Romance Was Born. Passion project to brand.
running a creative business
The harvest: via Vogue
Together Anna Plunkett and Luke Sales, explorers of the relationship between fashion and art, have garnered worldwide respect for their luscious runway shows and designs. Bold expressions, vibrant imagery and dreamscape-y collections have attracted style mavericks and mavens such as Cate Blanchett, Tavi Gevinson, Nicki Minaj, Karen O, MIA, Natasha Khan, Cyndi Lauper, Lily Allen, Grimes and Miley Cyrus to RWB …
At The Metropolitan Museum of Art. just to the left of the Camp: Notes on Fashion installation’s entrance is an inset display of sparkly ensembles;
“A moment of enjoyment” reads the text behind a trio of mannequins gussied up in sequins and glittering embellishments.
The two leftmost looks are by the London designer Ashish. On the right are the first pieces ever designed by an Australian label to be included in one of the museum’s Costume Institute shows. It’s a black skirtsuit—sans shirt—with rainbow plexiglass broken hearts and moons from Romance Was Born’s Spring 2015 Cooee Couture collection, inspired by the work of Australian couturier Linda Jackson. The outfit in the exhibition is a remake of a Romance Is Born runway look that designers Anna Plunkett and Luke Sales made especially for the museum.
“It’s a once-in-a-lifetime opportunity for us and a wonderful compliment,” the pair told Vogue Australia at the time of the show’s opening. “We’re proud to celebrate the country we were both born in and continue to live in. Of course, we understand the importance of a global audience, but it is so flattering to represent our country in this way.”
On a sunny autumn day in Sydney, just after the Camp show had opened in springy New York, Plunkett and Sales were perched on a different museum’s steps. Sydney’s Powerhouse Museum, known for its science displays and pop-culture exhibits, also doubles as one of Oz’s best fashion resources. In recent years it has staged shows that feature the wardrobe of Isabella Blow and celebrated the career of Akira Isogawa.
But more exciting than what goes on display is what’s in storage. Across the road, through some security guards and many locked doors, the Powerhouse houses the costumes from every single Baz Luhrmann film, as well as a treasure trove of historical dress. Somewhere between the 18th-century Australiana and Leonardo DiCaprio’s famous Hawaiian shirt from Romeo + Juliet is also a cache of Romance Was Born pieces.

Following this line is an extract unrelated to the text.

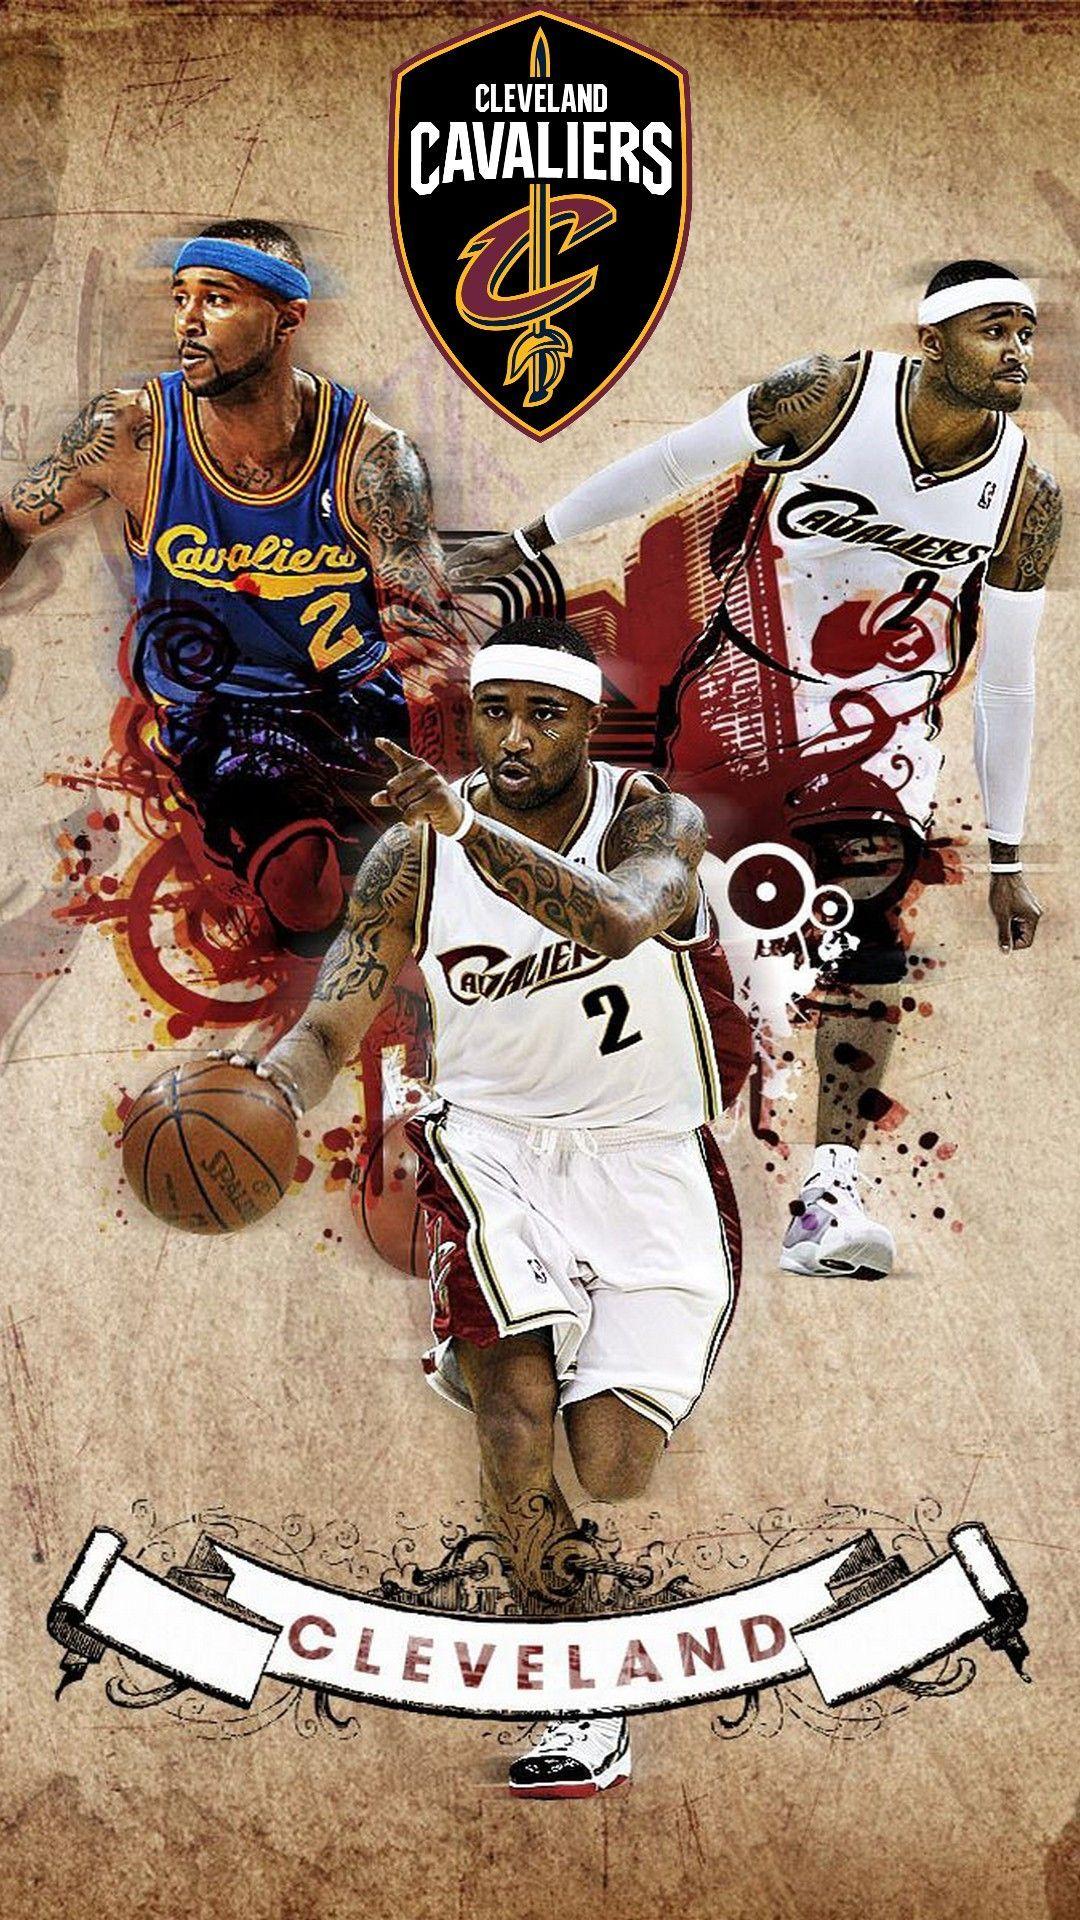 Basketball Wallpaper. Best Basketball Wallpaper 2020. Nba wallpaper, Cavaliers nba, Basketball wallpaper

Handlers are shuffling a rack holding a dozen or so of Plunkett and Sales’s favourite designs. “That one is the Cate Blan-ket,” says Sales. The knit dress has quite the backstory: In 2009, [Cate] Blanchett wore it to an exhibition opening in Melbourne; a local tabloid invented the moniker, and the press went wild.
Plunkett and Sales seem pleased by the pun. As they tell it, their Romance Is Born project is sort of like an in-joke gone serious. They just never really thought that two best friends with wicked creative streaks would become a business, let alone a brand recognised by The Met.
As fashion students at the then East Sydney Technical College Plunkett and Sales met at a dance party. By 2003 they had dressed Karen O of the Yeah Yeah Yeahs in a googly-eye top for a concert in Sydney. Two years later they entered a fashion competition in Italy and needed to come up with a name.
“We were at a stage in our lives when we were really into going out and having fun. The [name comes from the] whole idea of the heightened feeling of that,” Plunkett remembers. “We just thought it was hilarious as well. There’s a lot of humour and fun in our work.”
They pulled the words Romance Was Born off a pin Sales’s cousin had bought in Chinatown. “We just thought it was funny and cute,” he says. “It was a joke, but as time went by, it came to emulate everything we wanted to achieve.”
Nearly 15 years later the joke is on them, in a way, because a pair of mates who loved “hanging out and making crap” have become the most powerful voices in Australian fashion. They have dressed celebrities, made the cover of Vogue’s Australian imprint, and turned their passion project into an international business [including …] a couture show in Paris.
Plunkett and Sales have managed to structure Romance Was Born as a fully fledged business that balances their creative urges with the realities of retail.
“The last five years have been when we both realized that this is what we want to be our career,” says Sales. “We always loved the idea of fashion. We’ve only just realized recently that clothing is what we’re in the business of.”
Growth means thinking about what’s commercial and what’s not. “It’s a balancing act,” says Plunkett. “Branding is something we’ve been talking about more seriously recently because that’s such a big part. We don’t sit down and think, ‘What’s the mood of the season?’ or, ‘Who is the model of the season?’ We’re just so concentrated on the garments, but I think it’s so important to have a sense of what a brand means.”